Unfortunately not everything can be staged interactively. With binary assets it becomes an all-or-nothing affair and you end up being greeted by this:

$ git diff en.lproj/Localizable.strings diff --git
a/en.lproj/Localizable.strings b/en.lproj/Localizable.strings index
ff37e30..535a260 100644 Binary files a/en.lproj/Localizable.strings and
b/en.lproj/Localizable.strings differ

But wait. Why is Localizable.strings¹, a pure text file, showing as binary? Apple’s documentation on String Resources explains:

Note: It is recommended that you save strings files using the UTF-16 encoding, which is the default encoding for standard strings files. It is possible to create strings files using other property-list formats, including binary property-list formats and XML formats that use the UTF-8 encoding, but doing so is not recommended.

The problem is that the core git diff tool doesn’t handle UTF-16 data, so any tools that depend on it – for instance git add -p – will just give up.

Now, sometime in recent history Xcode started supporting UTF-8 encoded .strings, converting them to UTF-16 at compile time. Depending on your situation you may be able to convert all of your project .strings files to UTF-8, commit them and get on with your life.

Unfortunately, although Xcode now supports UTF-8, lots of localisation tooling including the venerable genstrings still operates on UTF-16. If we use these tools we have a problem. In my case, the localisation service we use deprecated their old utility (which allows specifying the encoding), replacing it with one which only outputs UTF-16.

.gitattributes

I discovered that others had encountered the same problem, but the solution only provided readable diff output. With a .gitattributes file it is possible to associate certain attributes with files matching a naming pattern when performing git operations. In this case a diff attribute would be a shell command which, when running git diff, will be executed over both the working copy and repository copy. The output from these commands is diffed instead of the raw file contents. This can yield many interesting results but isn’t quite what I’m looking for.

I’d never heard of .gitattributes before so I decided to dig a little deeper and it wasn’t long before I found something far more promising. Along with diff there is an attribute named filter. Filter follows a similar idea to diff except that it provides two commands instead of one – clean and smudge. Git operations which move content between the working copy and the repository are piped through these filter commands. clean runs any time a working copy is going to be committed (when changes are added to the index) and smudge is used whenever content is being loaded into the working copy (During a checkout or reset operation).
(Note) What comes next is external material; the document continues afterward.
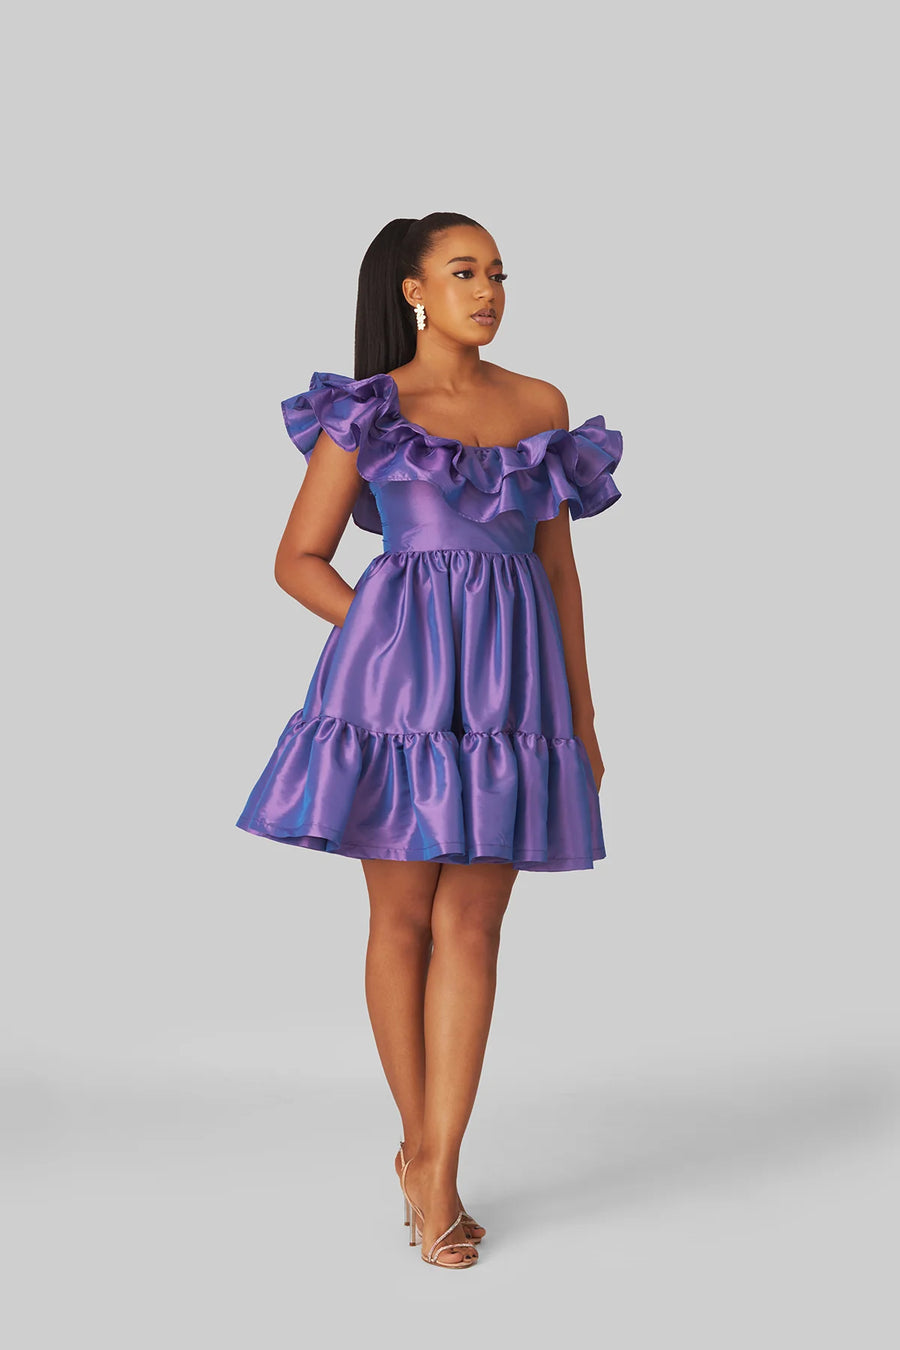 M.O.T Fara Dress, Mini dress with frills

Filter attributes are perfect for our needs. We can keep the repository copy of the strings file UTF-8 encoded and the working copy as UTF-16 with a filter attribute converting between them. Because git filters the working copy before diffing against the repository, we get the benefits of being able to incrementally stage files while working with a UTF-16 representation of the data.

That’s the theory, lets take a look at how it works in practice.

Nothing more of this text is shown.